RECORD SET:
======

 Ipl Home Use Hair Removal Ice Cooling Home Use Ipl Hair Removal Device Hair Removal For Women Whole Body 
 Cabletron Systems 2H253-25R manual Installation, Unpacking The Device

======

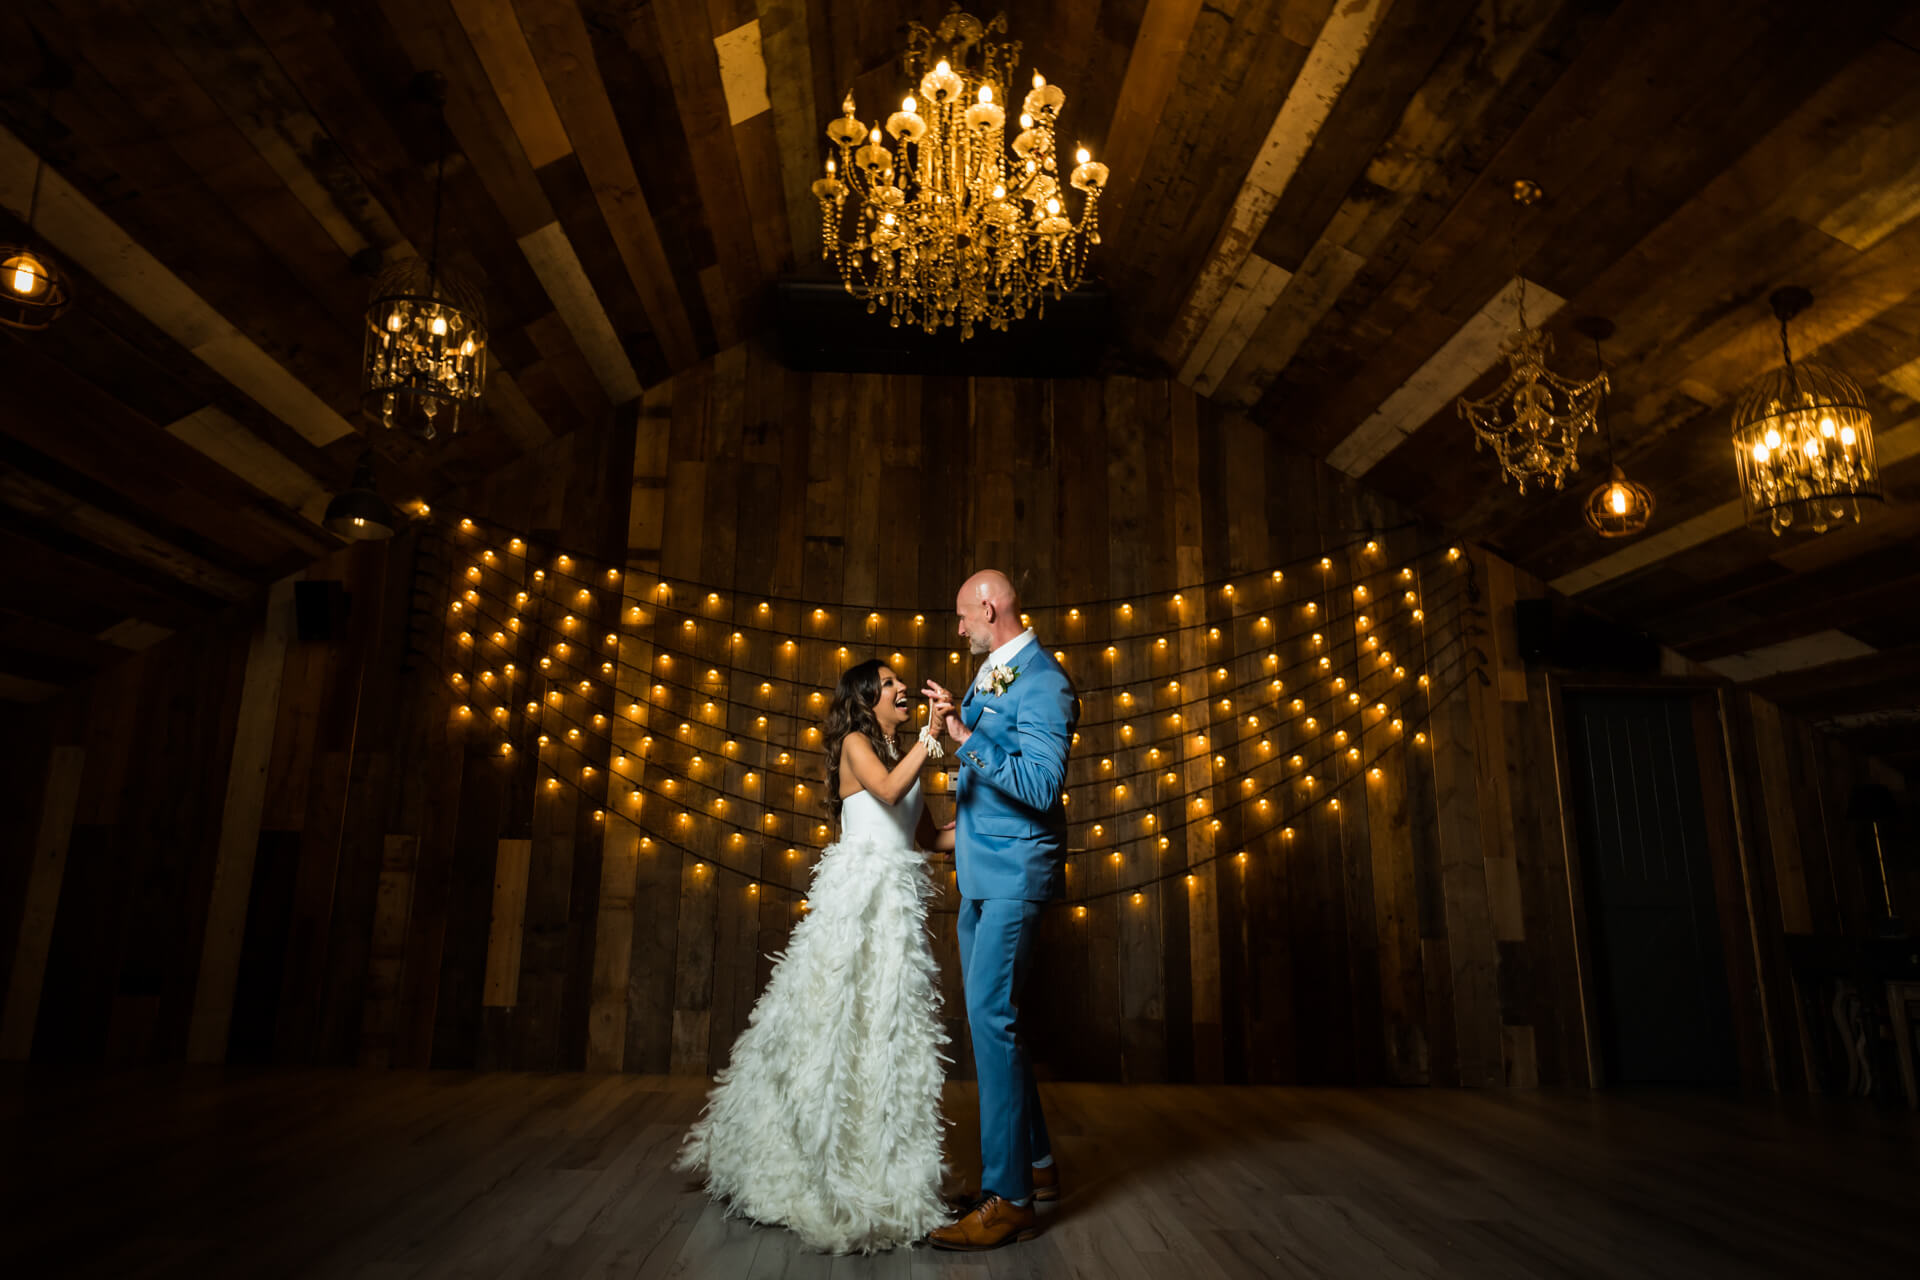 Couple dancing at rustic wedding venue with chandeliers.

======

TASK DETAILS:
Taking the line with "Ipl Home Use" as the first and the line with "Cabletron Systems 2H253-25R" as the last, retype that stretch of the data above exactly, with no other lines.

REPLY:
 Ipl Home Use Hair Removal Ice Cooling Home Use Ipl Hair Removal Device Hair Removal For Women Whole Body 
 Cabletron Systems 2H253-25R manual Installation, Unpacking The Device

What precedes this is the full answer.